Inversions – The time spent being upside down on my mat were powerful moments. I was able to deeply feel being ‘upside down’, yet ‘right side up’ and in control, even while in the middle of difficulty. The security of knowing I am ok also transferred to the idea that she is too.
Warrior 2 – Virabhadrasana II The stability and empowerment I receive when I enter this pose is profound. I allow myself to go back deep into my DNA and root my present in the warrior within me. The very DNA that brought me to this day. It provides courage and security to face unchartered waters and the unknown, with a sense of knowing that in the abbreviated words of St Julien of Norwich, “that all is fundamentally well.”
Pigeon-Kapotasana This pose helped me breathe, release and find space and relief. Once again allowing obstacles to be removed and new space to be created and entered into. In the monastery, I learned about Lectio Divino and on the mat, I learned to notice my breath focused on and released, were like words of a devotion. In my personal pain, as I breathed deeply in and out, I would find space and extend my limits.
Tree Pose – Vriksasana While in this balance pose I fortified my stability and security by tolerating sway and bend. I am constantly reminded in this pose that I will indeed bend yet not break.
Happy Baby-Ananda Balasana One day while in the full expression of Happy Baby, I was rocking and rolling from side to side and back and forth. I imagined this to be like movement in a womb or on a baby’s back in the crib. I moved to Savasana and then as I turned to my side I noted the full expression of the pose and before I moved up to seated, I cradled my body as if I were indeed once again in my Mother’s womb.
My Mom’s Transition from this physical life to another place today has also been articulated on my mat and in nature. Recently I caught the morning sunrise and she was there just as she promised us. Amongst many other lessons the yoga mat has taught me, one critical one is to believe in the resiliency of the human Spirit and the capacity to Begin Again each day no matter what.
“Friends of other lives easily recognize one another in the astral world…. Rejoicing at the immortality of friendship, they realize the indestructibility of love, often doubted at the time of the sad, delusive partings of earthly life.” –Sri Yukteswar.

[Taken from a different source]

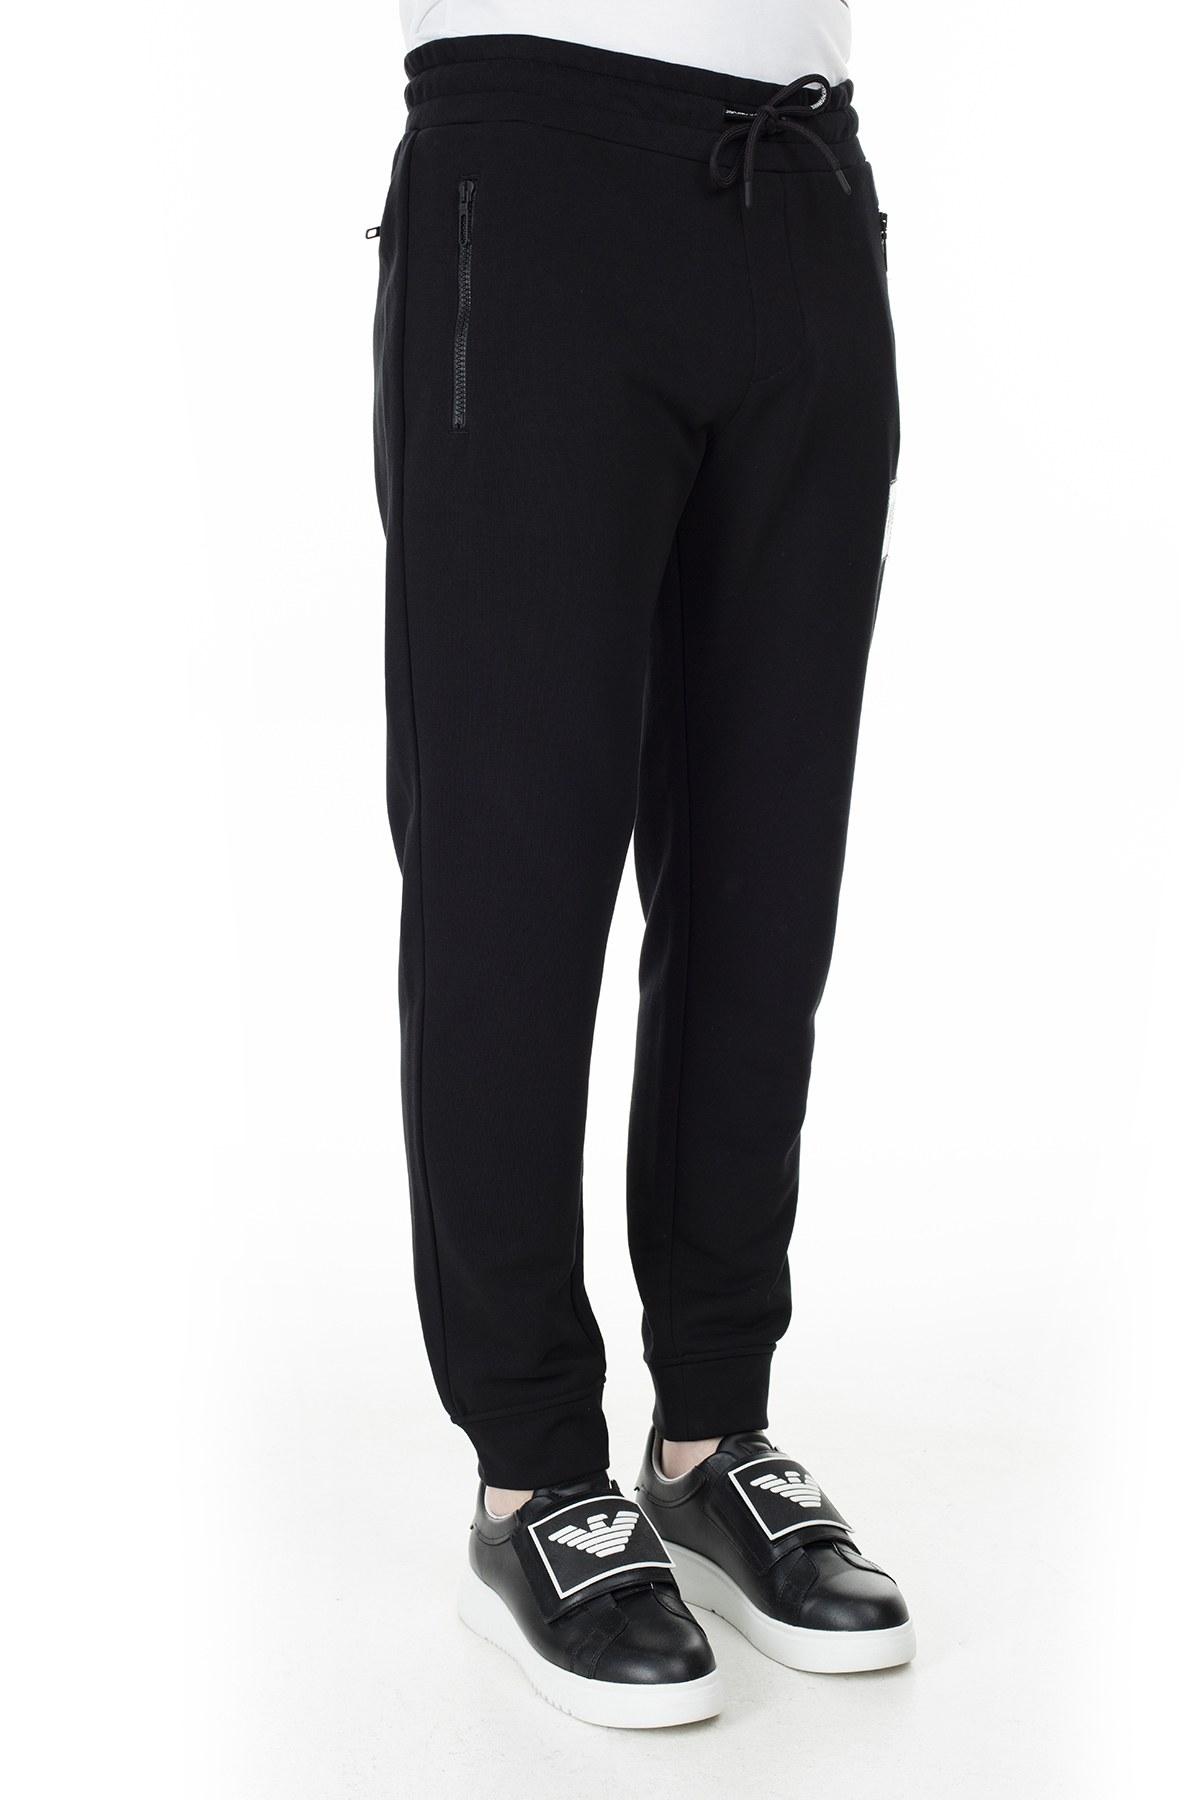 Emporio Armani Regular Fit Erkek Pantolon S 6G1P98 1J36Z 0999 SİYAH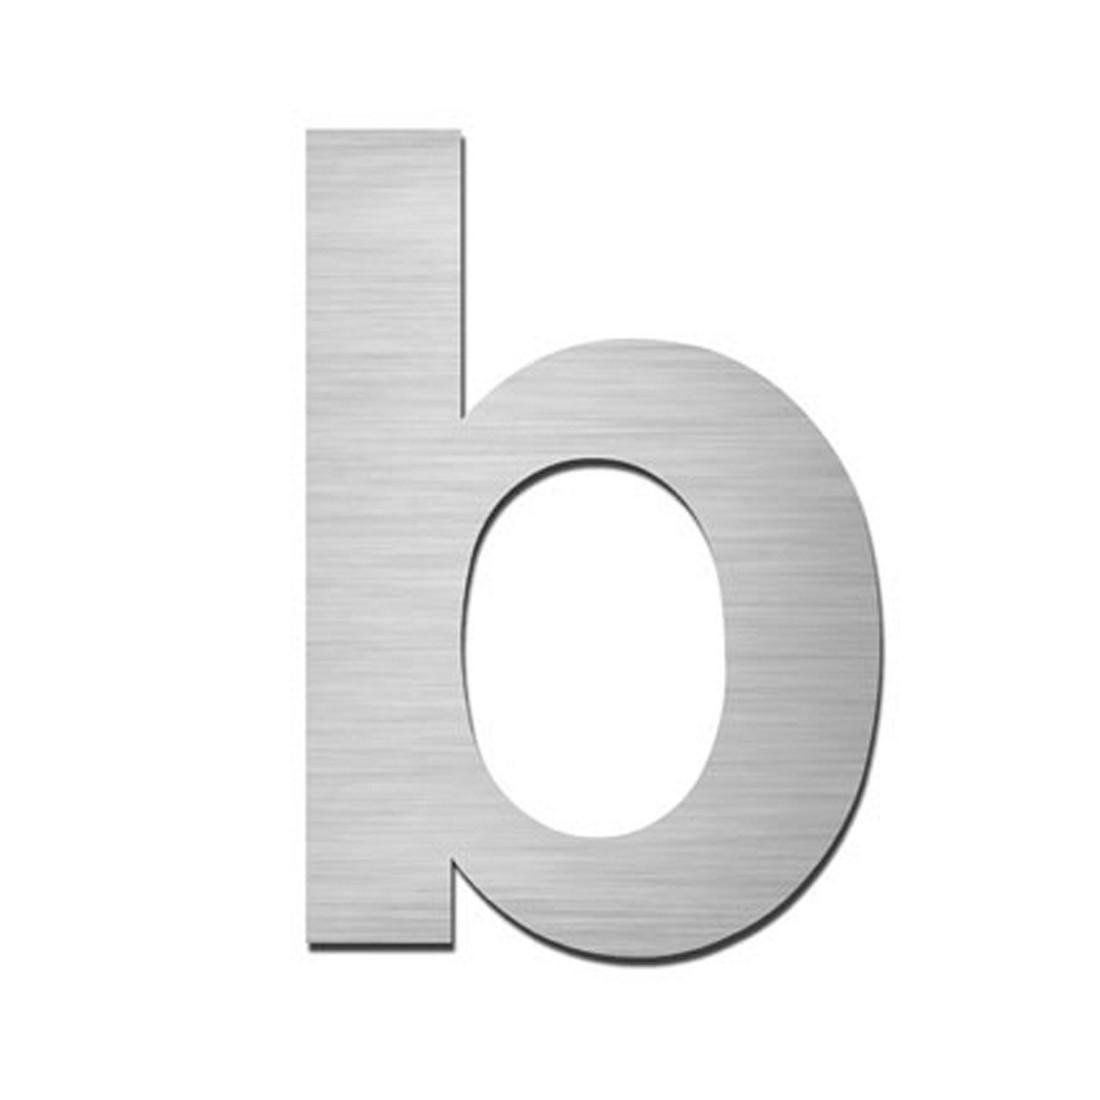 Hausnummer Index zum Aufkleben b - Matt Gebürstet Edelstahl Silber, Serafini

“Send your thoughts of love and goodwill to your loved ones as often as you feel inclined to do so, but at least once a year — perhaps on some special anniversary. Mentally tell them, “We will meet again sometime and continue to develop our divine love and friendship with one another.” If you send them your loving thoughts continuously now, someday you will surely meet them again. You will know that this life is not the end, but merely one link in the eternal chain of your relationship with your loved ones…” – Paramhansa Yogananda.
When the wolves of life are barking at your door, go to your yoga mat.